So it ends up asking the server to deal with a key of type ssh-rsa-cert-v01@openssh.com and as that's not in Transport._key_info, we get a KeyError which ends up making the Client think that the key was bad. (this took longer than it should have to figure out, in part because of a lovely bare except buried in there since ancient times...UGH.)
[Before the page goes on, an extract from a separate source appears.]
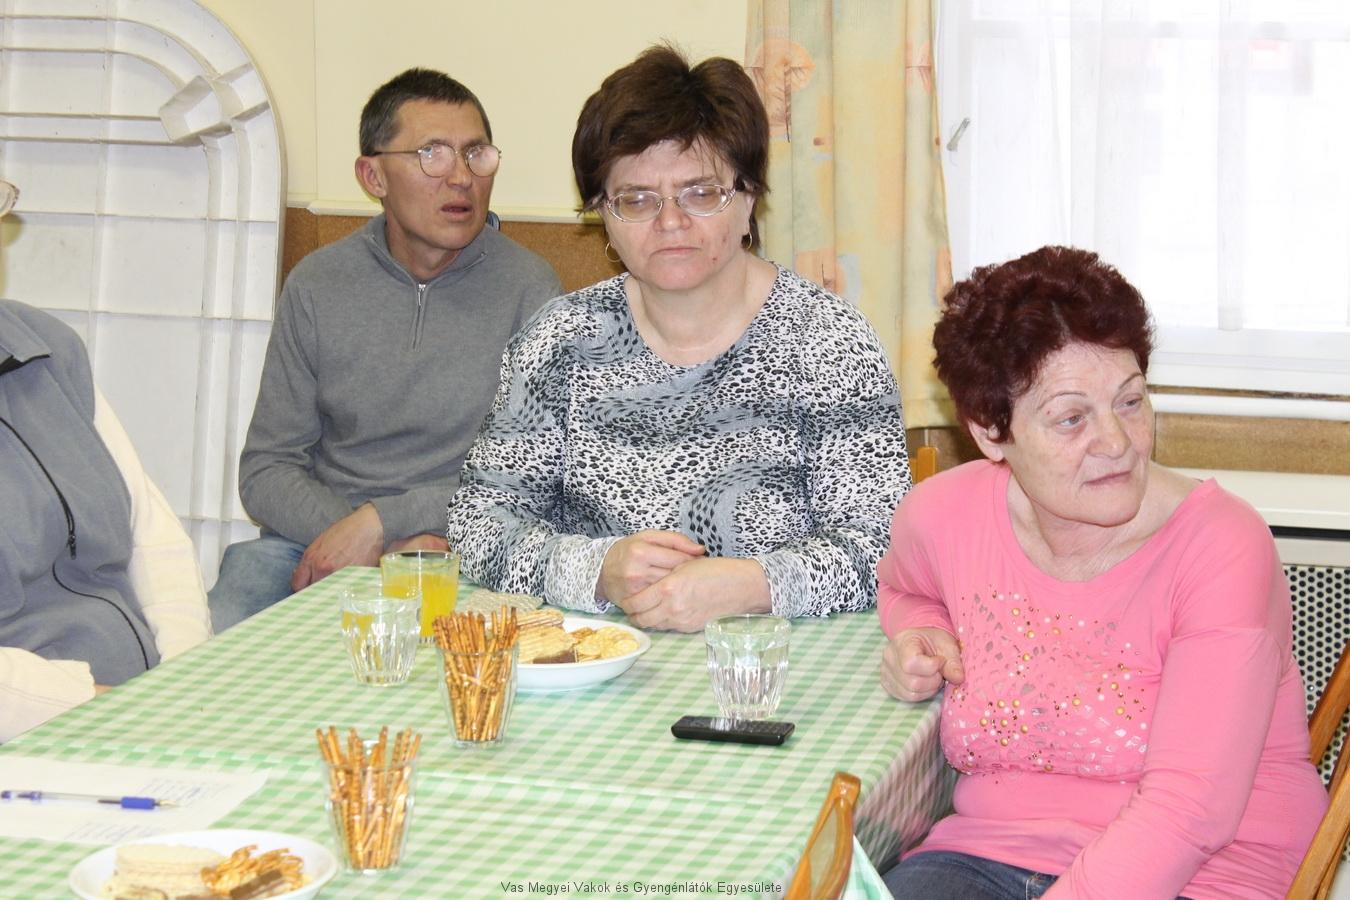 Vörös Lajos hölgytagjaink társaságában.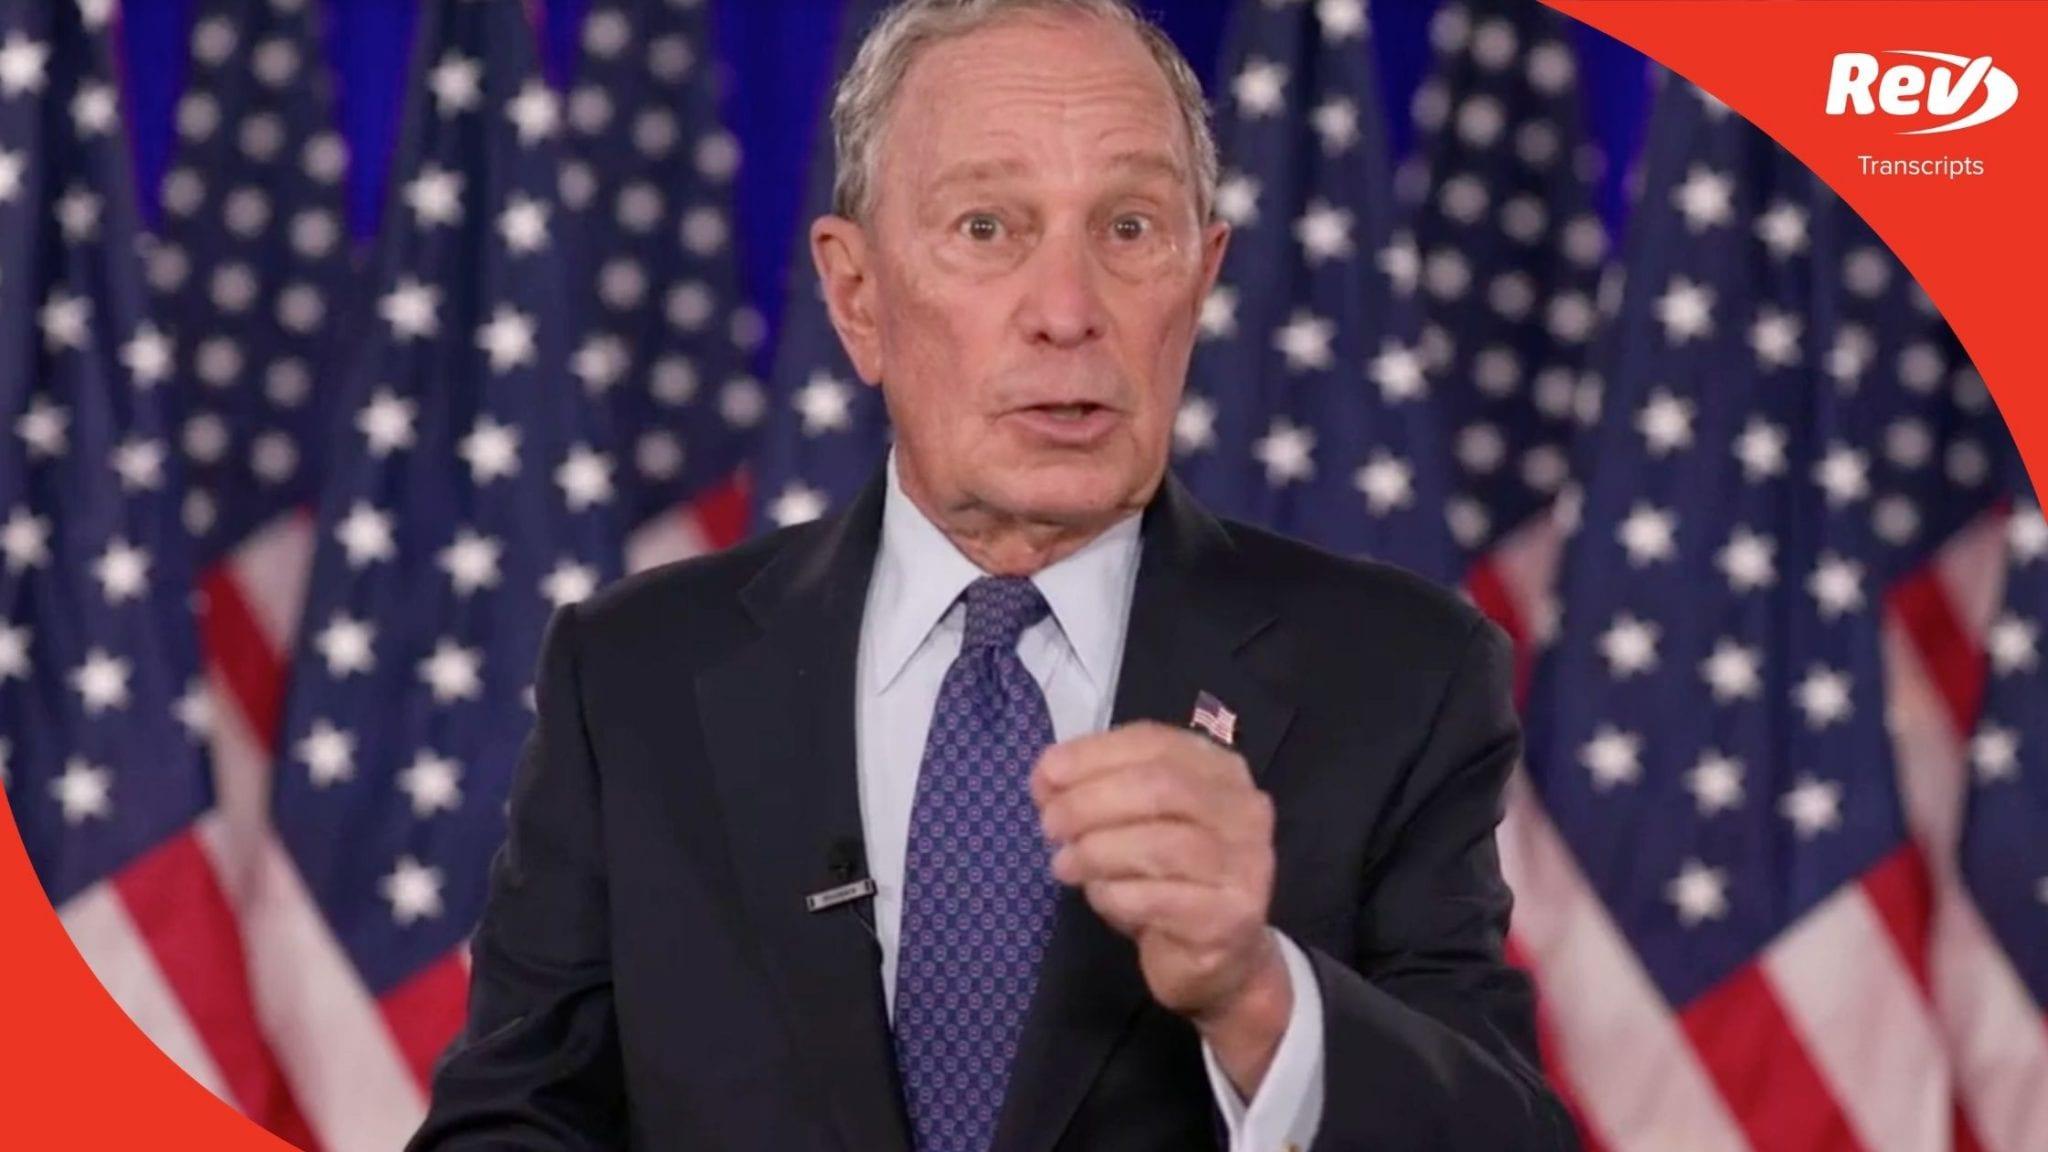 Mike Bloomberg 2020 DNC Speech Transcript

tl;dr we do need at least light server support if we're going to test this functionality end-to-end (the PR's tests only test the basic PKey method, not any of the Client or Transport code), so I may need to pull down more of #531 than originally intended. Grump. This always happens...it's never, ever, ever, ever as simple as the initial works-for-me implementation... 😠 (not 😠 at @radssh just at how this always ends up being the case 😭 )

@bitprophet

This comment has been minimized.

Member

bitprophet commented Aug 28, 2017

Seems I can at least get the existing tests happy enough by tweaking RSAKey so it's capable of reading a cert-bearing Message:

  • update the checking of the 1st field, 'type', so it a) accepts cert type and b) branches
  • conditionally read the subsequent 'nonce' field iff it's a cert
  • the next two fields are the public numbers in either case
  • after that is all the cert-specific stuff that we can, for now, ignore in both cases (the rest of the Message is simply not read, period.)
    • That part can be filled in later when someone wants "real" server-side support; for now it ought to behave like the user submitted a non-cert-bearing pubkey auth message.
@bitprophet

This comment has been minimized.

Member

bitprophet commented Aug 28, 2017

Hah, not quite, amusingly that earlier test never actually instructs the server to accept RSA (it's a series of "submit some keys, accept some other possibly-overlapping list of keys" tests). So we were triggering early code (creation of key object from network message) but not later code (verification of key material), since code in the middle (key type acceptance) was (correctly, for that earlier test) bailing out.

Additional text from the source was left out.